What is being asked: Once the line with "Guayama Solar Energy - Google Aerial Image" is found in the data, output it and each following line exactly, up to and including the line with "لوحة صورة شجرة مكثوة بالثلوج 0", and nothing before or after.
*** Opening Information supplied ***
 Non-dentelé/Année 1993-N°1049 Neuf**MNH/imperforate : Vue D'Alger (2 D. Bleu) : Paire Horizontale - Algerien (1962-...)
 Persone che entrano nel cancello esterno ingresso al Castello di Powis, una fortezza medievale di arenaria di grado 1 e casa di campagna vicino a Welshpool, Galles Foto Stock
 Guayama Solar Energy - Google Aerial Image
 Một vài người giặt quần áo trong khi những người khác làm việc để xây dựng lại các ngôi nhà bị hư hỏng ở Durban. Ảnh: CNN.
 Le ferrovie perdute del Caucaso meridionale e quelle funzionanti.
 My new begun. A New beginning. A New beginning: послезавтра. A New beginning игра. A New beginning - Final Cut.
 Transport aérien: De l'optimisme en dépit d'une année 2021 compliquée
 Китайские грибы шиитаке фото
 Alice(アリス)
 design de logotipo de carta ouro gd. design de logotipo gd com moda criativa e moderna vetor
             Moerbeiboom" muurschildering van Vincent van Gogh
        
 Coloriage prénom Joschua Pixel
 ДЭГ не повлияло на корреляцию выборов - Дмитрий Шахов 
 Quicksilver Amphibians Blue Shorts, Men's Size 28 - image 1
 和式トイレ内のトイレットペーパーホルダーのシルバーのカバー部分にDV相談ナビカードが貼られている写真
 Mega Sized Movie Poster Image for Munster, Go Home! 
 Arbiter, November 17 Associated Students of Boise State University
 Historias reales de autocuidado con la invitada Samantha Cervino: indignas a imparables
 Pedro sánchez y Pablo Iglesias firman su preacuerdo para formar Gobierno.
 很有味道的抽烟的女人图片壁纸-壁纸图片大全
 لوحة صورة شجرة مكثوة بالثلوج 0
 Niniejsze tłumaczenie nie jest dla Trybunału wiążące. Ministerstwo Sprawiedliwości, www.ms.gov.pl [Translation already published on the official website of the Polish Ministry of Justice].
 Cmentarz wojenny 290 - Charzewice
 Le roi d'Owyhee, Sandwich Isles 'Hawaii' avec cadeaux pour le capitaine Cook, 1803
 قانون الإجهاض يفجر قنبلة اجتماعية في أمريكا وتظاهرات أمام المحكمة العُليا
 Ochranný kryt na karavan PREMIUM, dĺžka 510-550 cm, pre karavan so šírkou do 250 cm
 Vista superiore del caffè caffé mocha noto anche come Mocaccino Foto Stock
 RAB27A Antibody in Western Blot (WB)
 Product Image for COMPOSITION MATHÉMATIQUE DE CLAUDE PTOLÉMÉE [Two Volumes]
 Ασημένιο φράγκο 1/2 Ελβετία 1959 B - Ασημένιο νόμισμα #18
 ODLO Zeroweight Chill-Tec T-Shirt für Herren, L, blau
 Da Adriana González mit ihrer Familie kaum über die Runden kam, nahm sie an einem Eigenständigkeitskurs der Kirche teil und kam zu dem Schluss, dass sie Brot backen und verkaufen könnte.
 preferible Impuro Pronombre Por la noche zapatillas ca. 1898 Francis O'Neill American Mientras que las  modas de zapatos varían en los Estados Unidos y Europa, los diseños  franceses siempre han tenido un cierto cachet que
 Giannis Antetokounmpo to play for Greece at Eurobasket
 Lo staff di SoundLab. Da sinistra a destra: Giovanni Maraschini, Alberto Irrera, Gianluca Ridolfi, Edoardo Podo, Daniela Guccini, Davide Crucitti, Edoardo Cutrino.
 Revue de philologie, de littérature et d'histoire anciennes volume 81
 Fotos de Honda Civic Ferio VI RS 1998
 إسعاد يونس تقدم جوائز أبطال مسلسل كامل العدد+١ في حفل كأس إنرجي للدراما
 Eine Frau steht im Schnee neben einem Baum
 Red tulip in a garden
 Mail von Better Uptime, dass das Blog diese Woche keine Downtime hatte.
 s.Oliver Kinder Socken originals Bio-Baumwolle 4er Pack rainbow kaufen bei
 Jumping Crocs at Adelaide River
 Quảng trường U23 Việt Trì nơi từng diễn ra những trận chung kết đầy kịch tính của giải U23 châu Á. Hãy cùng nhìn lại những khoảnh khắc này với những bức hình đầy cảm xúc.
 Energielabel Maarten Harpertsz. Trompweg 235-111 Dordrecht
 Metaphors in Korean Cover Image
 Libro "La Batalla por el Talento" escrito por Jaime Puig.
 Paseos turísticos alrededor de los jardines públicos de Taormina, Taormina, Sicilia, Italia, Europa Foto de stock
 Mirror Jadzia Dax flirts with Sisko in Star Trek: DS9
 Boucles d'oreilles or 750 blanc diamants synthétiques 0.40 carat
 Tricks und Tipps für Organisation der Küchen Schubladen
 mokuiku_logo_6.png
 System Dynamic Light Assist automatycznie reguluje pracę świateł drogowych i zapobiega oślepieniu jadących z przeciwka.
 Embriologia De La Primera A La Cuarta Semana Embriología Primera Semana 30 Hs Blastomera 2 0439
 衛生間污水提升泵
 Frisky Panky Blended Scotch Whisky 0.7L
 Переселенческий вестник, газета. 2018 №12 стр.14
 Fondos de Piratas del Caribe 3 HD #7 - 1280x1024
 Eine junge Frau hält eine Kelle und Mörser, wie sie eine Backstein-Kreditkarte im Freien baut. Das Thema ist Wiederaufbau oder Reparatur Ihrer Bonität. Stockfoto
*** Closing Information supplied ***
Task solution:
 Guayama Solar Energy - Google Aerial Image
 Một vài người giặt quần áo trong khi những người khác làm việc để xây dựng lại các ngôi nhà bị hư hỏng ở Durban. Ảnh: CNN.
 Le ferrovie perdute del Caucaso meridionale e quelle funzionanti.
 My new begun. A New beginning. A New beginning: послезавтра. A New beginning игра. A New beginning - Final Cut.
 Transport aérien: De l'optimisme en dépit d'une année 2021 compliquée
 Китайские грибы шиитаке фото
 Alice(アリス)
 design de logotipo de carta ouro gd. design de logotipo gd com moda criativa e moderna vetor
             Moerbeiboom" muurschildering van Vincent van Gogh
        
 Coloriage prénom Joschua Pixel
 ДЭГ не повлияло на корреляцию выборов - Дмитрий Шахов 
 Quicksilver Amphibians Blue Shorts, Men's Size 28 - image 1
 和式トイレ内のトイレットペーパーホルダーのシルバーのカバー部分にDV相談ナビカードが貼られている写真
 Mega Sized Movie Poster Image for Munster, Go Home! 
 Arbiter, November 17 Associated Students of Boise State University
 Historias reales de autocuidado con la invitada Samantha Cervino: indignas a imparables
 Pedro sánchez y Pablo Iglesias firman su preacuerdo para formar Gobierno.
 很有味道的抽烟的女人图片壁纸-壁纸图片大全
 لوحة صورة شجرة مكثوة بالثلوج 0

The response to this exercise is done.